To the Encyclopædia Britannica (8th edit.) Rogers contributed the articles on Bishop Butler (1854), Gibbon, Hume, and Robert Hall (1856), Pascal and Paley (1859), and Voltaire (1860). He edited the works of John Howe, which appeared at London in 1862–3, 6 vols. He contributed to Good Words and the British Quarterly (his articles were mostly reprinted).

As a Christian apologist he was influenced by Joseph Butler. His last work was 'The Supernatural Origin of the Bible inferred from itself' (the Congregational Lecture for 1873), London, 1874, (8th edit. 1893). Two volumes of imaginary letters were entitled 'Selections from the Correspondence of R. E. H. Greyson, Esq.' (the pseudonym being an anagram for his own name), London, 1857; 3rd edit. 1861.

Besides the works mentioned above, Rogers also published:

Some articles are also understood to be his work: ‘Religious Movement in Germany’ (Edinburgh Review, January 1846), ‘Marriage with the Sister of a Deceased Wife’ (ib. April 1853), ‘Macaulay's Speeches’ (ib. October 1854), ‘Servetus and Calvin’ (British Quarterly Review, May 1849), ‘Systematic Theology’ (ib. January 1866), ‘Nonconformity in Lancashire’ (ib. July 1869).

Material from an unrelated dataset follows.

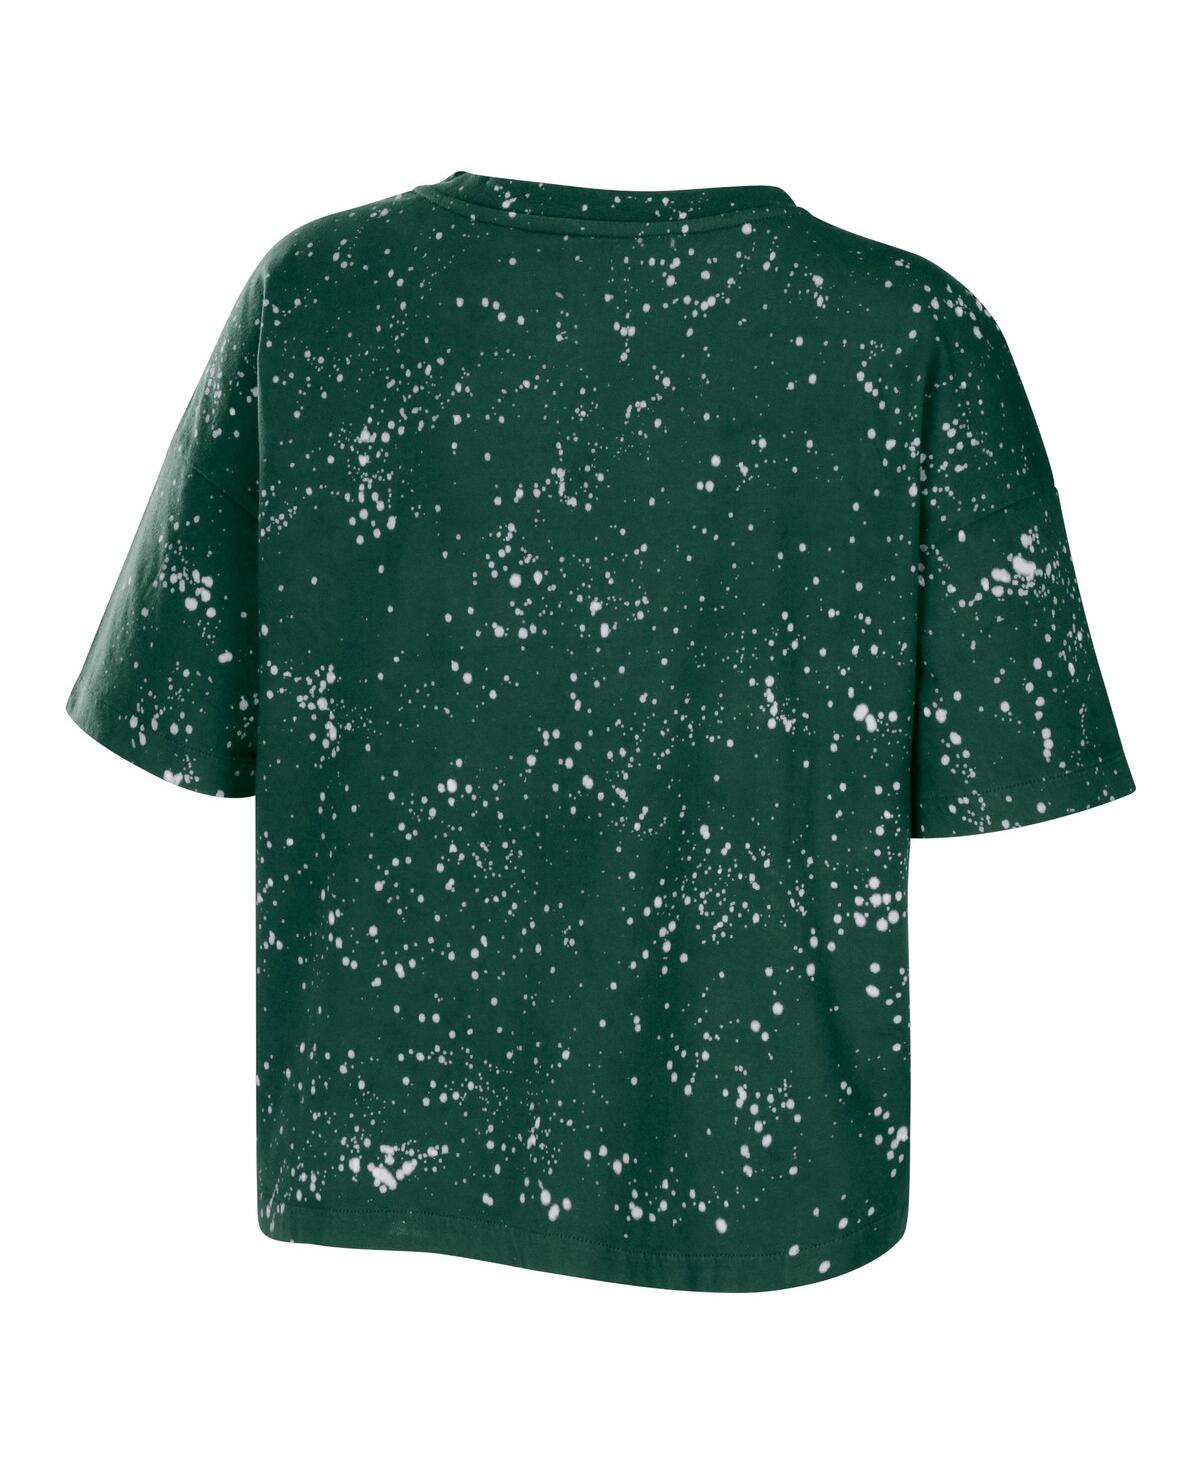 Shop Wear By Erin Andrews Women's  Green Oakland Athletics Notch Neck Tie-dye T-shirt

Rogers's portrait and a memoir by Robert William Dale were prefixed to the eighth edition of the 'Superhuman Origin of the Bible,' 1893.

Family

Rogers married four times: first, in 1830, Sarah Frances, eldest daughter of Isaac Wimett of Chantum, a relative of Jeremy Bentham, who died soon after giving birth to her third child; secondly, in November 1834, her sister, Elizabeth, who died in the autumn of the following year, after giving birth to her first child. As the law then stood his second marriage was not ab initio void, but only voidable by an ecclesiastical tribunal. He married thirdly, in 1842, Emma, daughter of John Watson, of Finsbury Square, London. She also died in giving birth to her first child. Rogers married fourthly, in 1857, Jane, eldest daughter of Samuel Fletcher, of Manchester; she died in 1891, having endowed scholarships in her husband's memory at the Lancashire Independent College and the Owens College, Manchester.